Citeren meekerdb <meeke...@verizon.net>:

On 10/25/2013 9:08 AM, John Clark wrote:
On Thu, Oct 24, 2013 at 5:00 PM, Quentin Anciaux <allco...@gmail.com <mailto:allco...@gmail.com>> wrote:

> Be consistent, reject MWI, or ask *the same question* about the probability of
   *you* (who is you ? pinocchio maybe ?)


In the MWI John Clark doesn't have to worry about who "you" is because however many copies of "you" there may or may not be they will never meet and John Clark will never see more than one copy of Quentin Anciaux. But in Bruno's thought experiment that is no longer true, so to continue to blithely babble on about "you" causes nothing but confusion.

I don't see why that is determinative. Suppose the M-man never meets the W-man and in fact neither of them even knows whether the other one exists?


   > measuring spin up while measuring the spin of an electron


And probability implies prediction and prediction has nothing to do with a sense of self, and that is what Bruno's "proof" is all about. If when you pressed the button you were 99% certain, in fact even if you were 100% certain and there was not the tiniest particle of doubt in your mind that you would end up in Washington, and one second later you found yourself in Moscow your sense of self would not be diminished one iota, you'd just figure that you made a bad prediction, and it wouldn't be for the first time.
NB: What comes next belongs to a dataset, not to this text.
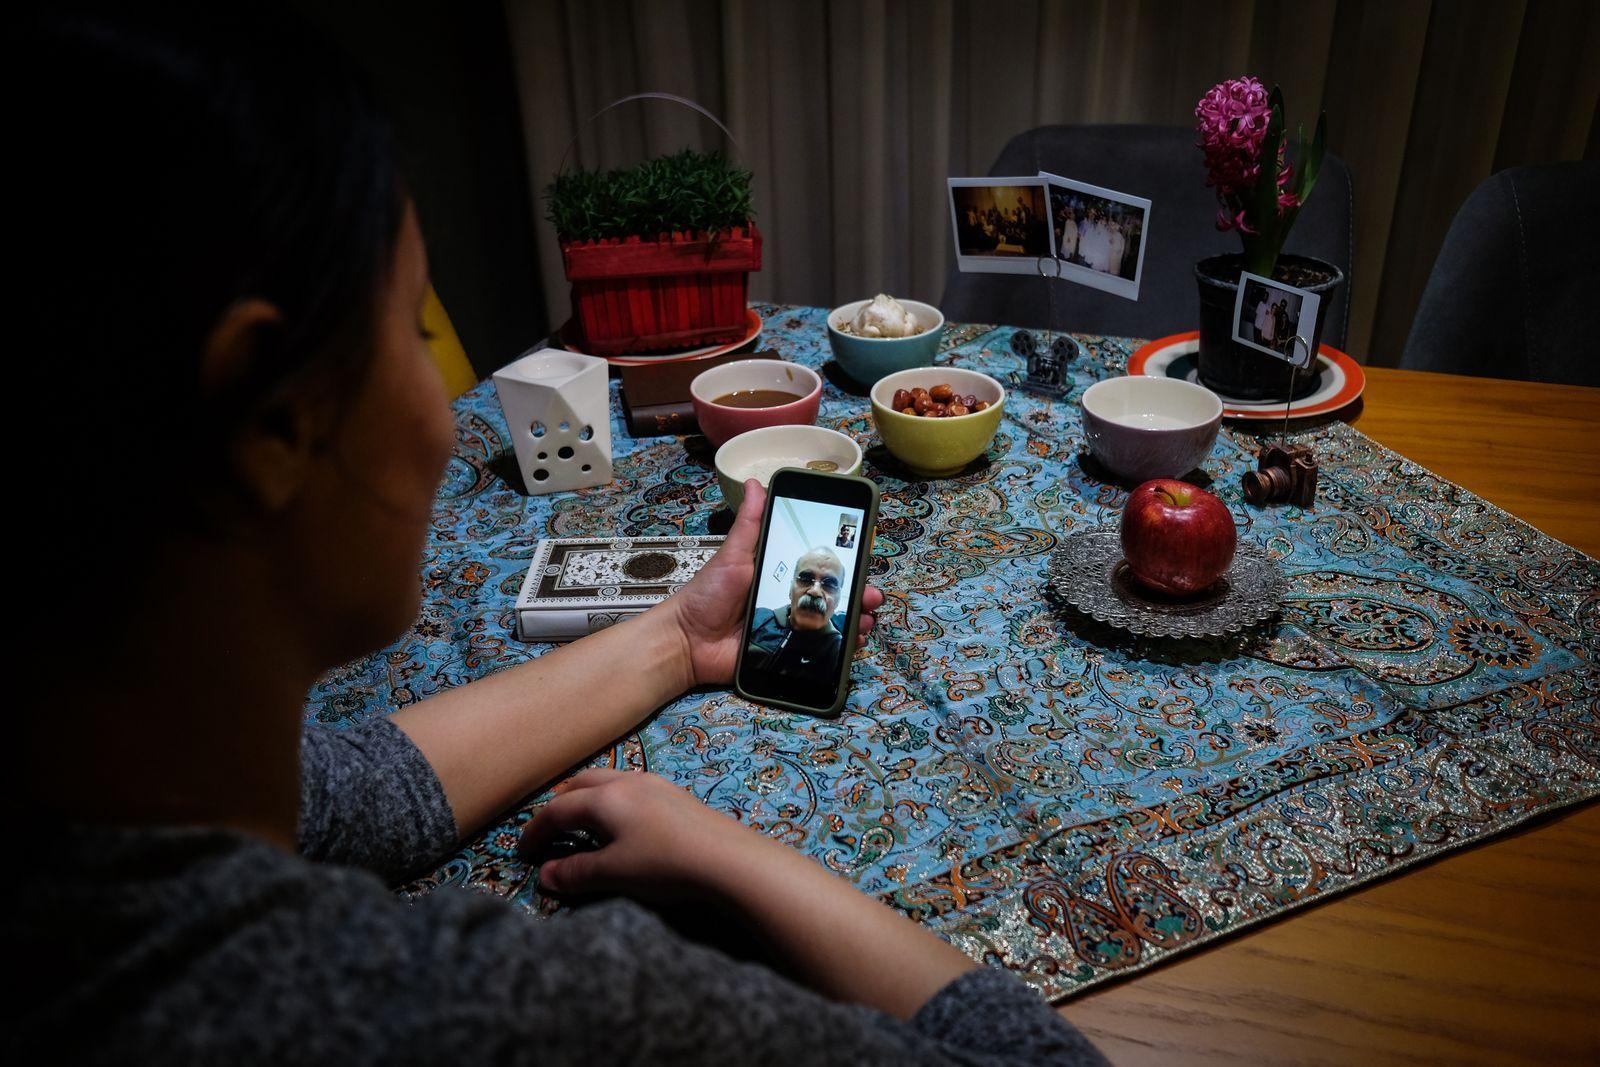 Yasaman, The Photographer

Sure, and if the experiment were repeated N times then most of the 2^N participants would find, consulting their diaries, that they were right about half the time and wrong the half - and, even after comparing notes with one another, they would decide that Bernoulli trials are a good model of what happens when being teleported via Bruno's duplicator.



> Your agenda is not to try to comprehend something, it is just to bash someone with
   no reason except misplaced pride.


Ask yourself this question, why aren't Bruno's ideas universally recognized by the scientific community as a work of genius? There are 2 possibilities:

1) Due to the same misplaced pride that I have the entire scientific community is jealous of Bruno and would rather destroy a stunning new advancement in human knowledge than admit they didn't find it first.

2) The entire scientific community has run into the exact same logical stumbling block in Bruno's ideas that I did.

Or they consider this particular idea, uncertainty via duplication, to be a commonplace and uncontroversial. Most people (including me) find the last two steps of Bruno's argument more suspect in which he argues that all possible computation is the fundamental basis of the material world.

Brent

It is:

3) Bruno has yet to develop the mathematical tools to do practical computations.


Not at all. That would be the case if the goal was doing physics, but the goal was only to formulate the mind body problem. Then, despite this, the math part (AUDA, the machine's interview) does provide the mathematical tools to do practical computations. The arithmetical quantization is fully given and has been compared with quantum logic. That we are at light years from getting anything like the standard model is not really relevant, as the standard model does not address the mind-body problem. A physicist can complain that comp is a long way to be able to use as physics, but I insist: the goal is to show that the mind-body problem is not solved, and that with comp, we have to derive physics from arithmetic, and I got already the propositional part of physics.

The subject is the mind-body problem, not physics per se.

Technically, the problem is that physicists don't know mathematical logic (as Penrose illustrated to the logicians). Very few physicists understand the X1* and Z1* logic, which gives the needed arithmetical quantizations.

That's another problem: only logicians knows logic. They have no problem with AUDA. But many just dislike the mind-body problem and applications of logic. My work reminds that logic per se does not solve philosophical problem, which annoy them as they are still under the spell of Vienna positivism, where logic is used to replace metaphysics, and comp shows that this is not enough.

I think.


Bruno



Suppose that you could derive the Standard Model from deeper principles, then it doesn't matter what the philosophical objections against these principles are.

No one cares that Einstein's arguments leading to Special Relativity were not rigorous. Obviously, you can't derive special relativity rigorously from electrodynamics, because relativity is more fundamental than electrodynamics. At best you can present heuristic arguments. Some philosophers do make a problem out of that, but in physics no one really cares. Most modern textbooks do this correctly by discussing Lorentz invariance and only then deriving the Maxwell equations as the correct generalization of Coulomb's law.